POST-SPORTS ASSEMBLAGE
Tutor: Tsuto Sakamoto
Why must the Tokyo Olympics and Paralympics 2021 be held despite a State of Emergency under COVID-19 pandemic? The symbolic festival, insistently placed in terms of space and time, triggers questions on global capitalism, nationalism, and a substitution of historical memory. Under this critical perspective, the studio will investigate the event and its history—circumstances of the unrealised games in 1940, and the first games in 1964; while scrutinising the possible transformation of the sports event and training process—their space, scale, and operation—by using recent and future intelligent technologies and a pervasive media network. Based on the investigation and placing the projects in Tokyo where the 2021 games will be conducted—the studio ultimately aims to propose alternative forms of sports activities and events that are surrounded and integrated with a variety of non-human objects and living beings in urban and natural contexts.
FUTURE TODs
Tutor: Joseph Lim
Although Peter Calthorpe coined The Transit-Oriented Development (TOD) as a concept in ‘The New American Metropolis’ in 1993, Shaofei Niu, et. al. (2019) argued its existence in the 1971 URA Concept Plan; connecting new towns and the downtown district with urban nodes at MRT stations where compact and mixed-use neighbourhoods incorporated a public central space at a transit station. The planning of a TOD for urban vibrancy is now investigated in the context of a pandemic. How will ventilation, density, and distancing redefine commuting, and the physical form and spaces of a TOD? Students will learn from international consultants—AEDAS, SAA, LTA and URA, in a cross-disciplinary design research studio developing individual Masters projects.

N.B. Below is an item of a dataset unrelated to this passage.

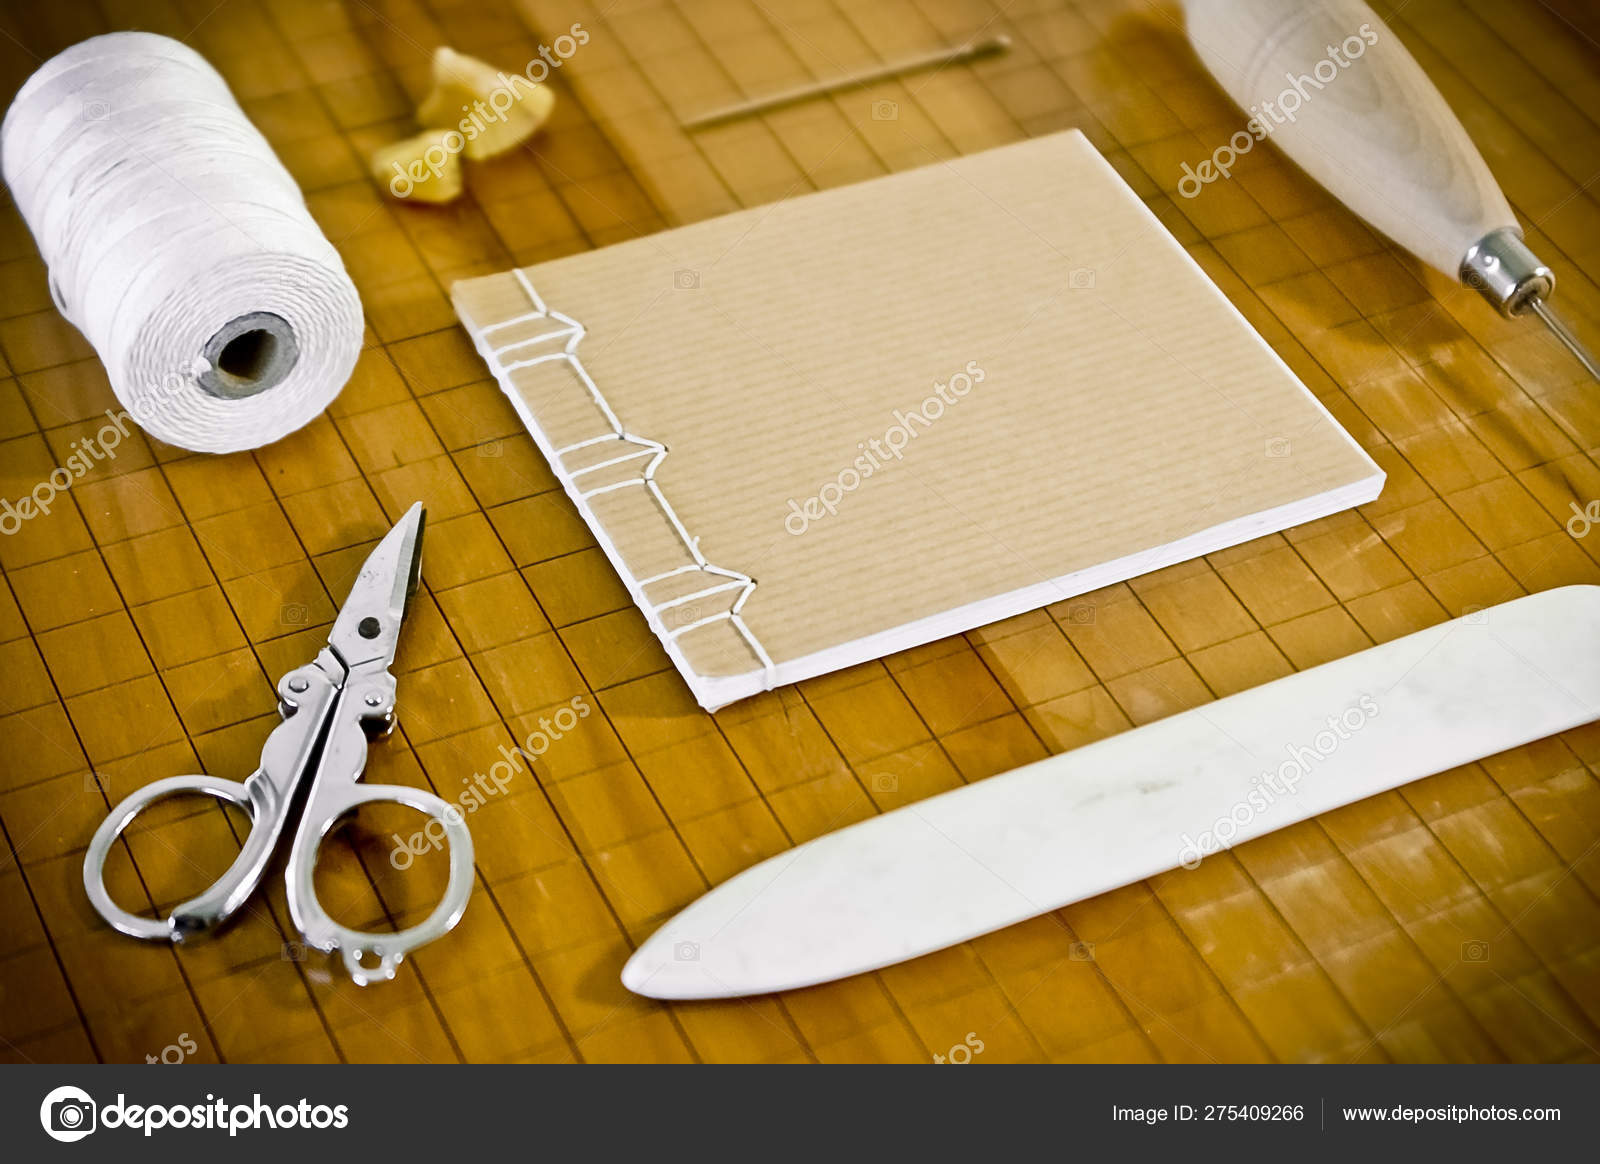 Small Hand Sewn Notebook Bookbinding Supplies Stock Photo by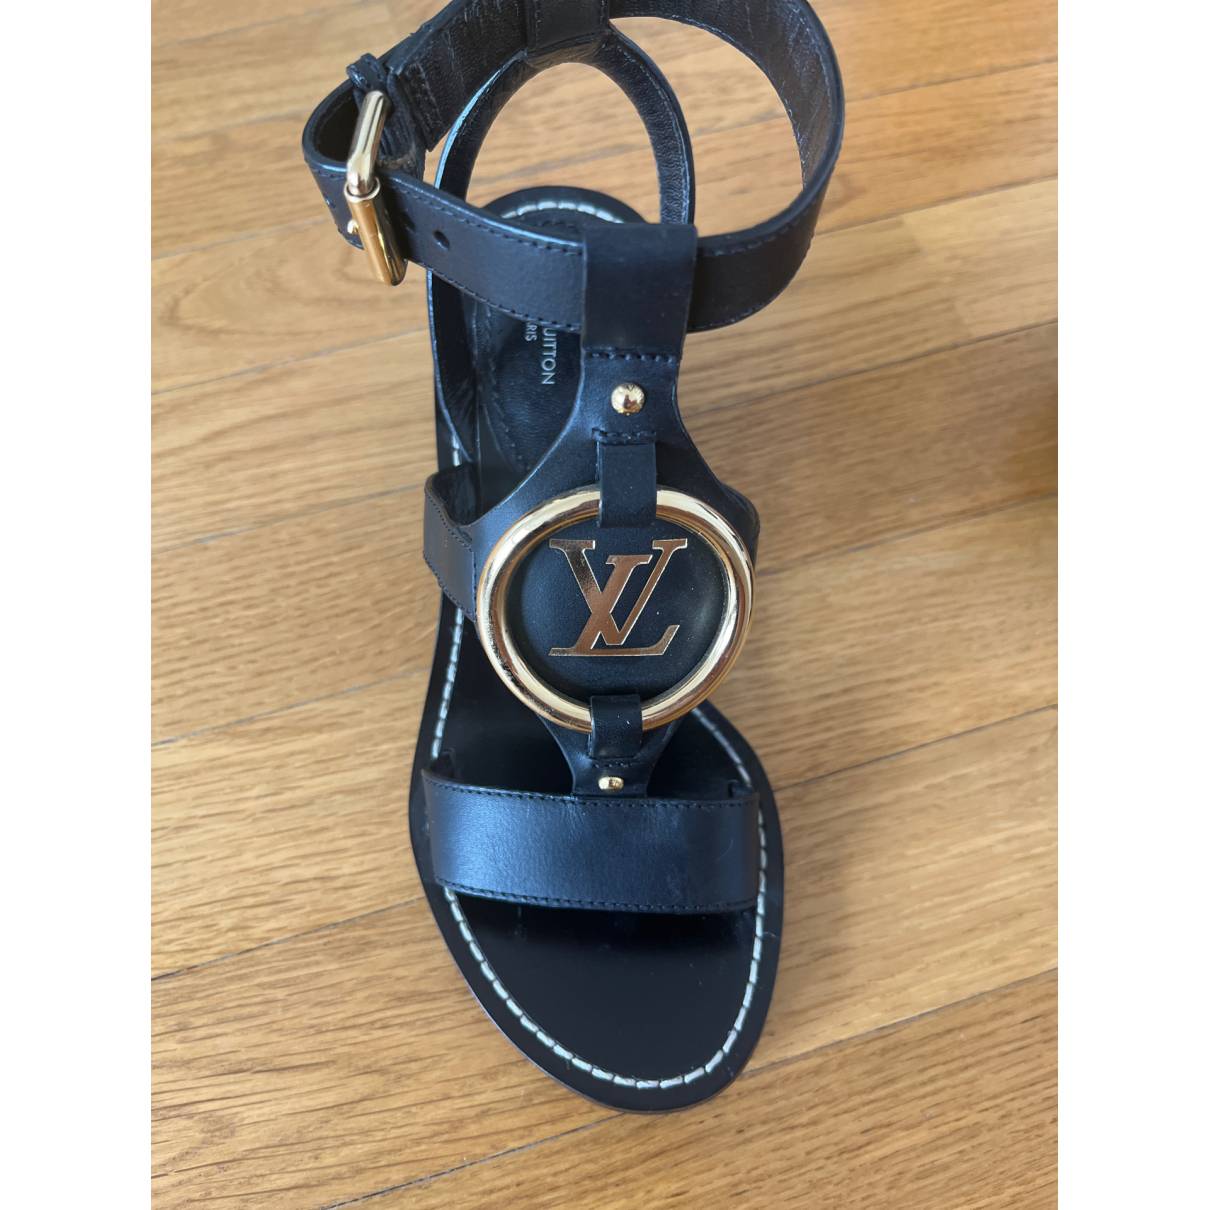 Academy leather sandals Louis Vuitton Black size 36 EU in Leather

SITUATION TENSE AND READY FOR ACTION
Tutor: David Schafer
Take a deep breath and look around you. How can you design your way out of this? What is within arm’s reach? What is within a day’s walk? How deep are you willing to go? The goal isn’t simply to survive but to thrive… Assess your situation. Center yourself. Test your boundaries. Make shelter, make light. Together we will look at strategies for constructive, forward momentum from a diverse range of sources (alchemy, adhocism, improv, jugaard, preppers, #EDC, #ISRU). We will explore our immediate context(s) and condition(s) by contemplating the dualities of working collaboratively in isolation, working intimately but remotely, working precisely within a space of uncertainty, and fundamentally, we will make; improvising without compromising.